Configuration WikiText2 PPL Avg. Zero-shot Acc. Note
Sinkhorn iters=0 (Qwen-2.5 7B) 14.12 42.96 Soft permutation deviates from doubly stochastic matrix
Sinkhorn iters=5 (Qwen-2.5 7B) 14.03 43.33 Doubly stochastic constraint aids learning
Sinkhorn iters=0 (LLaMA-3.1 8B) 14.43 49.18
Sinkhorn iters=5 (LLaMA-3.1 8B) 13.58 52.17 Significant improvement

Inference speedup (LLaMA-2 7B, 2048 tokens)

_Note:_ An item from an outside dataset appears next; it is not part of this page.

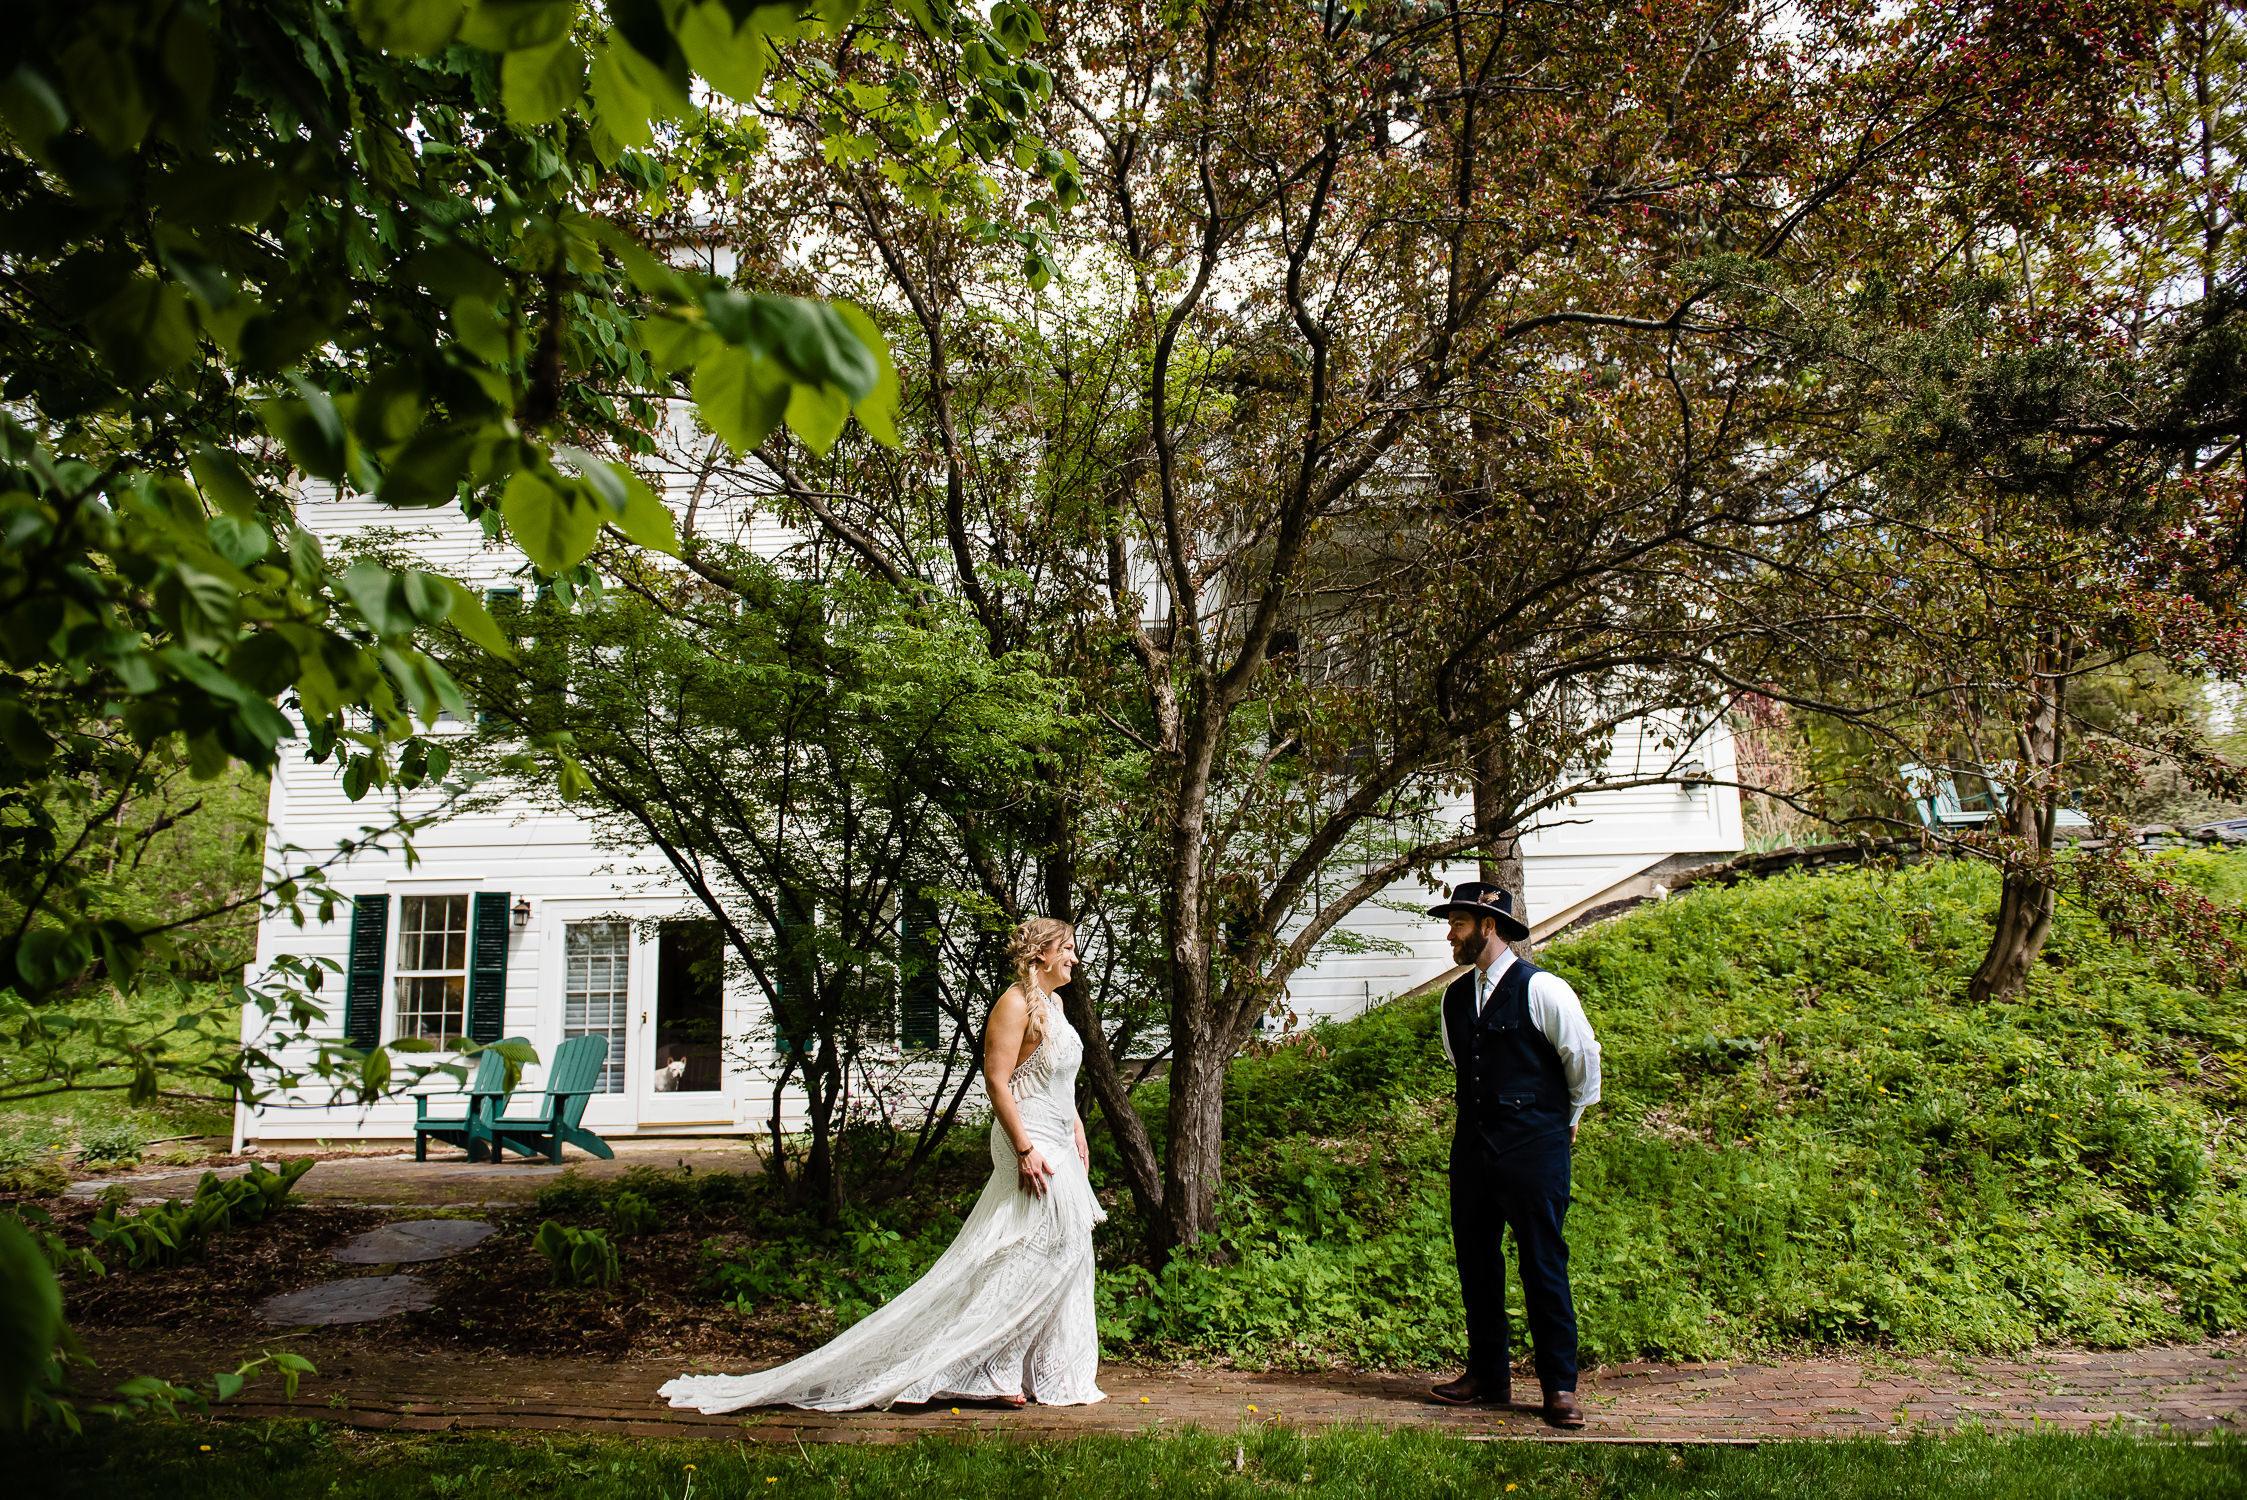 tourterelle-vermont-wedding-photographers-007-2-2247x1500.jpg

Component Dense 2:4 sparse + CP Speedup
Q/K/V/O_proj 1.513ms 0.927ms 1.63×
Up/Gate_proj 2.607ms 1.526ms 1.71×
Down_proj 2.614ms 1.535ms 1.70×
Channel permutation overhead 0.039ms Negligible

Key Findings

  • PermLLM consistently and significantly outperforms hand-crafted permutation methods (Wanda+CP, RIA+CP) across all evaluated models.
  • The gains are especially pronounced on newer models (LLaMA-3.1, Qwen-2.5)—for example, Wanda+CP achieves a PPL of 21.09 on LLaMA-3.1 8B, whereas PermLLM reduces it to 14.03.
  • The custom CUDA kernel reduces permutation overhead to just 0.039ms, preserving an overall speedup of approximately \(1.67\times\).
  • A block size of 64 achieves a favorable balance between accuracy and efficiency.

Highlights & Insights

  • The core contribution lies in reformulating the discrete permutation optimization problem as a continuous differentiable optimization problem—the combination of Sinkhorn normalization, the Hungarian algorithm, and STE is particularly elegant.
  • The paper directly exposes the fundamental flaw of hand-crafted permutation metrics: maximizing importance scores \(\neq\) minimizing output error.
  • Block-level permutation is a clever engineering design that reduces parameter count and computational complexity from \(O(C_{in}^2)\) and \(O(C_{in}^3)\) to \(O(C_{in} \cdot B)\) and \(O(C_{in} \cdot B^2)\), respectively.
  • The framework is designed as a plug-in module and can be combined with any one-shot pruning method.

Limitations & Future Work

  • The post-training optimization still requires several hours of GPU time, which may be insufficiently lightweight for extremely resource-constrained scenarios.
  • Block-level permutation restricts cross-block channel reordering, potentially missing the global optimum.
  • Only 2:4 and 4:8 sparsity ratios are evaluated; more flexible N:M configurations (e.g., 1:4, 3:8) remain unexplored.
  • Whether the linear temperature annealing schedule is optimal has not been verified; alternative scheduling strategies may yield better results.
  • The potential benefit of combining PermLLM with methods that jointly update weights (e.g., SparseGPT) warrants further investigation.
  • RIA proposes a two-stage permutation strategy but relies on hand-crafted metrics; PermLLM directly addresses and improves upon this limitation.
  • Wanda and SparseGPT serve as the mainstream one-shot pruning baselines.
  • SR-STE applies STE to N:M sparsity mask learning; PermLLM adapts a similar idea to permutation learning.
  • Insight: Sinkhorn normalization is widely used in other combinatorial optimization problems (e.g., optimal transport, graph matching); this paper demonstrates a novel application in model compression.

Rating

  • Novelty: ⭐⭐⭐⭐⭐ — The first learnable channel permutation framework; the Sinkhorn + Hungarian + STE combination for solving discrete optimization is highly novel.
  • Experimental Thoroughness: ⭐⭐⭐⭐⭐ — Covers 7 models across multiple benchmarks with detailed ablations and inference speed analysis; very comprehensive.
  • Writing Quality: ⭐⭐⭐⭐ — Problem motivation is clearly articulated and mathematical derivations are rigorous.
  • Value: ⭐⭐⭐⭐⭐ — Channel permutation has broad practical utility; open-source code and an \(84\times\) CUDA speedup make the contribution highly accessible.